Albrecht Pagenstecher and his friend Senator Warren Miller's trip resulted in the Hudson River Pulp & Paper Company which started making groundwood and newsprint in 1869 at Palmer (Corinth), New York, near Luzerne.

Following its acquisition by the International Paper Company in 1898, the Hudson River facility became the firm's "flagship mill" and site of its principal office. Pagenstecher served on International Paper's Board of Directors.

After World War II, Hudson River millworkers developed and perfected the production of coated papers for International Paper. In November 2002, shifting economic forces resulted in the mill's closure; nine years later, in 2011, it was slated for demolition.

Finch Paper LLC (Finch, Pruyn Company) is an American paper manufacturing corporation, operating in Glens Falls, New York, for 150 years.

In Mechanicville, New York, Westvaco Corporation's MeadWestvaco 6 paper machines ran non-stop to feed the printing presses of the nation's leading publishers. After WWII the Westvaco plant was the largest 'book-paper' mill in the world. It closed in 1971.

In Ballston Spa, NY, George West gradually acquired nine water-powered mills on Kayaderosseras Creek by 1879 manufacturing cotton, paper, and paper bags.West was called "The Paper Bag King" because he was one of the first men in the country to manufacture paper bags at a time when most bags were made from cotton. Today Rock City Falls is largely residential, although the Cottrell Paper Company still operates much as it did one hundred years ago making electrical insulating paper.
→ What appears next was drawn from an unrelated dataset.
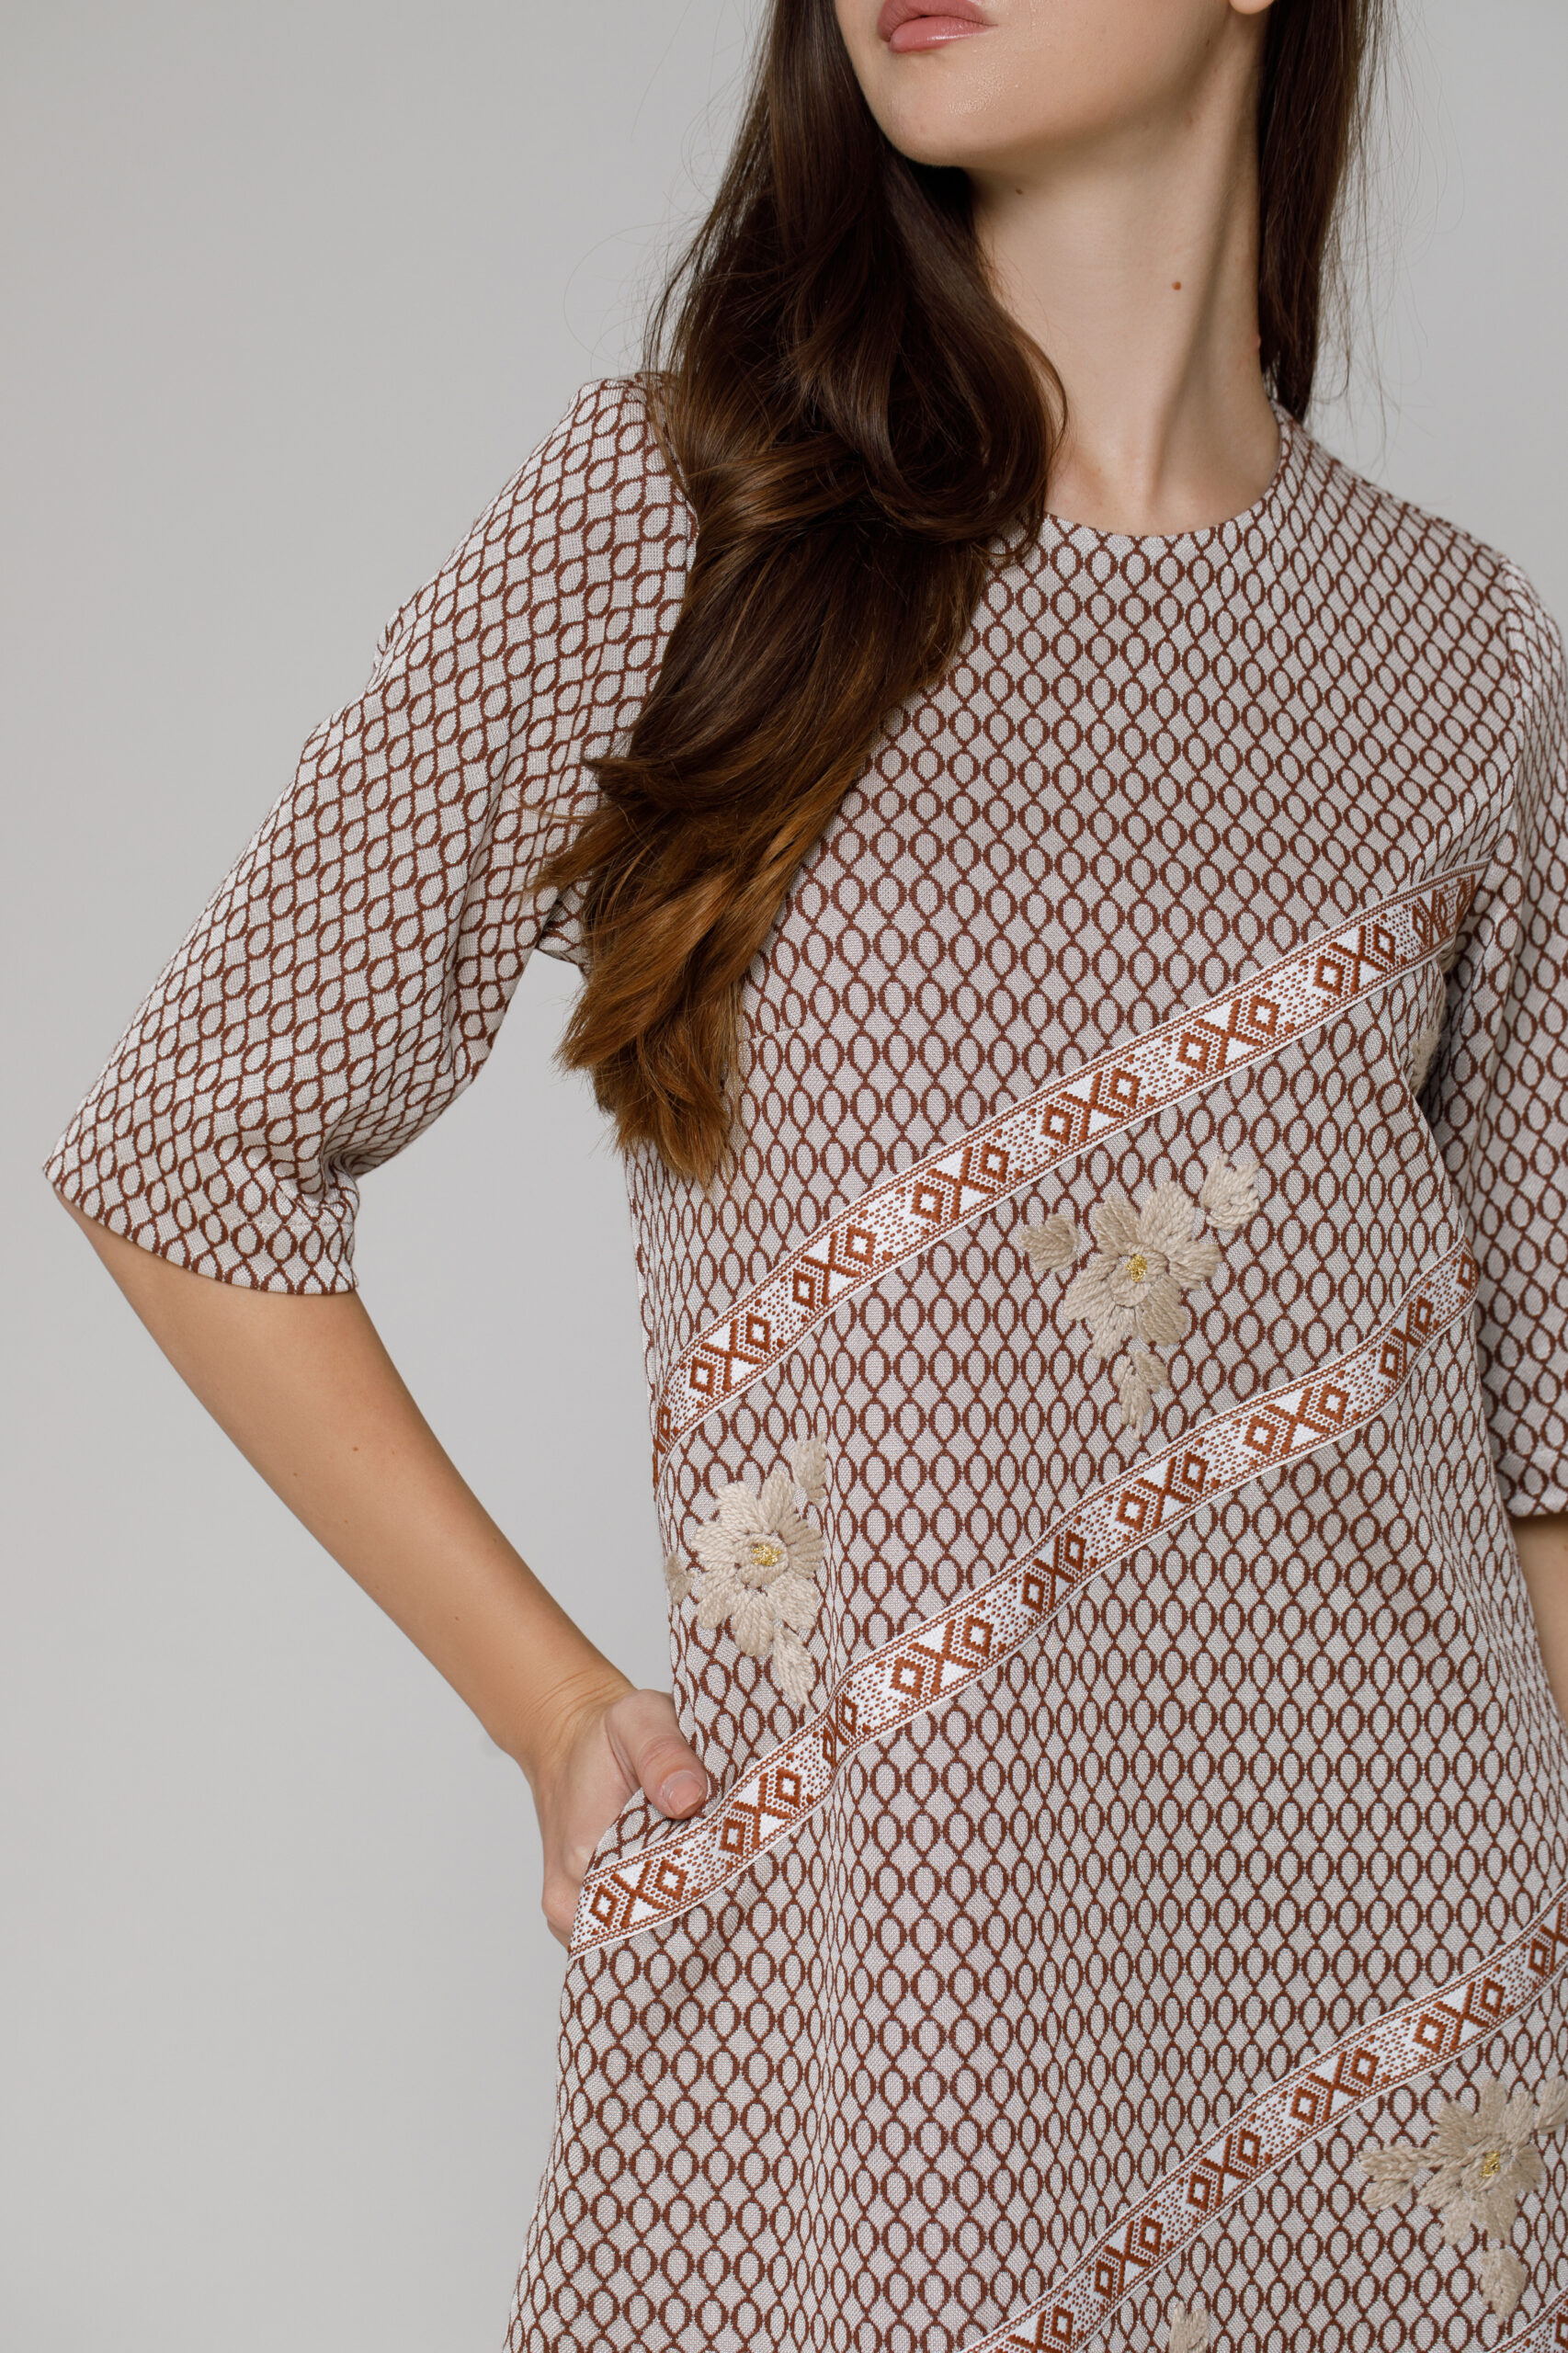 ARELLA BEIGE dress with geometric print. Natural fabrics, original design, handmade embroidery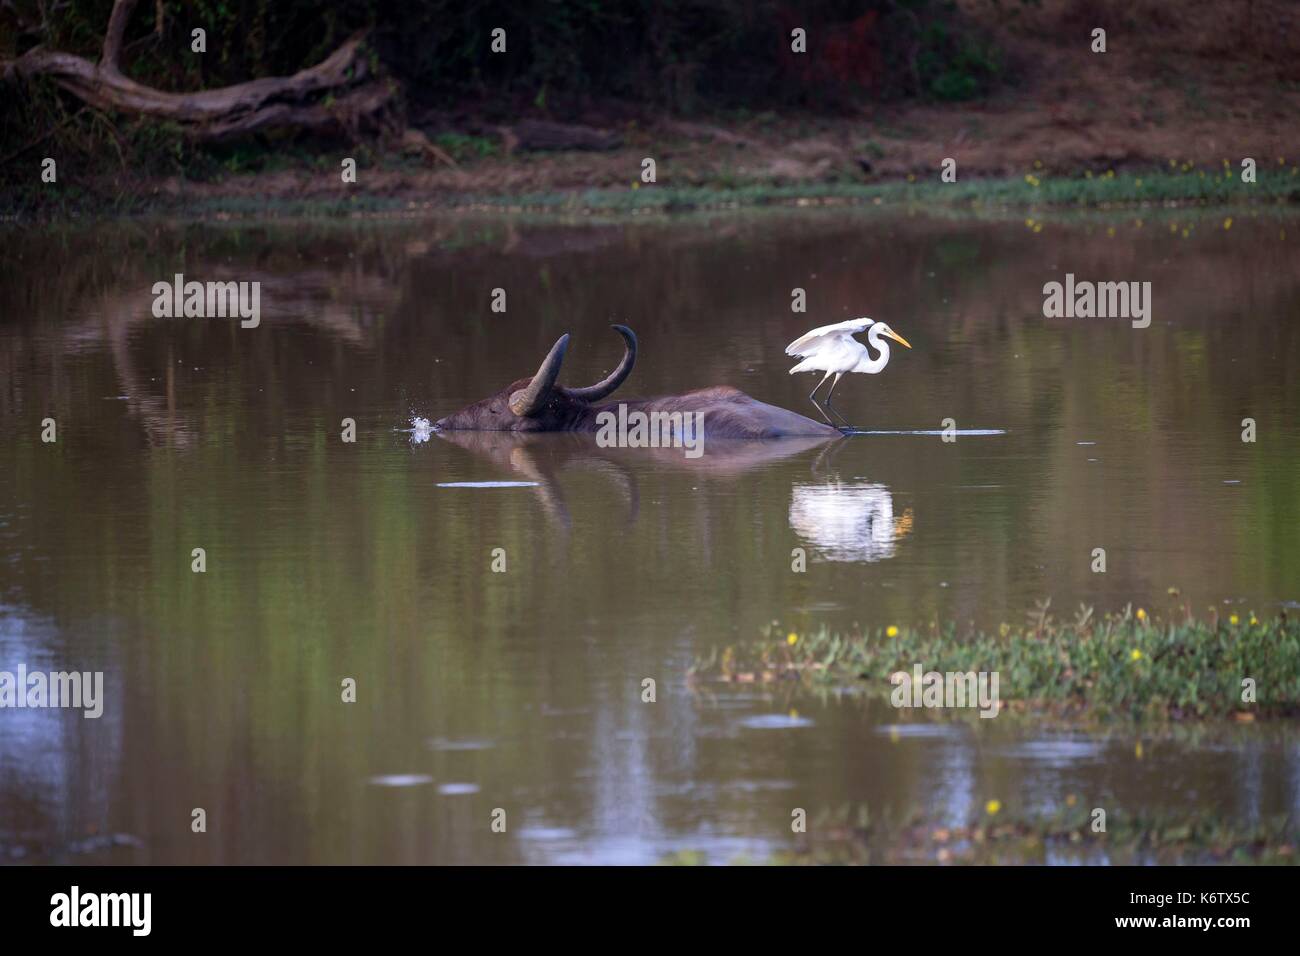 Sri Lanka, Yala national patk, Wild water buffalo or Asian buffalo (Bubalus arnee), resting in the water, with a great egret (Ardea alba) on the back Stock Photo

== Wood-based papermaking in Watertown ==

Even while Pagenstecher was starting up the Hudson River mill, in 1869 Illustrious Remington and his three sons, Hiram, Alfred D. and Charles R., were making a ton of newsprint daily in Watertown, New York, using four rag machines and an 84" fourdrinier machine. By 1870, the Remingtons, seeing a future for wood pulp, built three mills on Sewall's Island in Watertown. These mills used the Voelter process allowing a low-cost, high-quality Remington newsprint to be made of 75% rags and 25% wood pulp instead of all-rag content paper costing five times more.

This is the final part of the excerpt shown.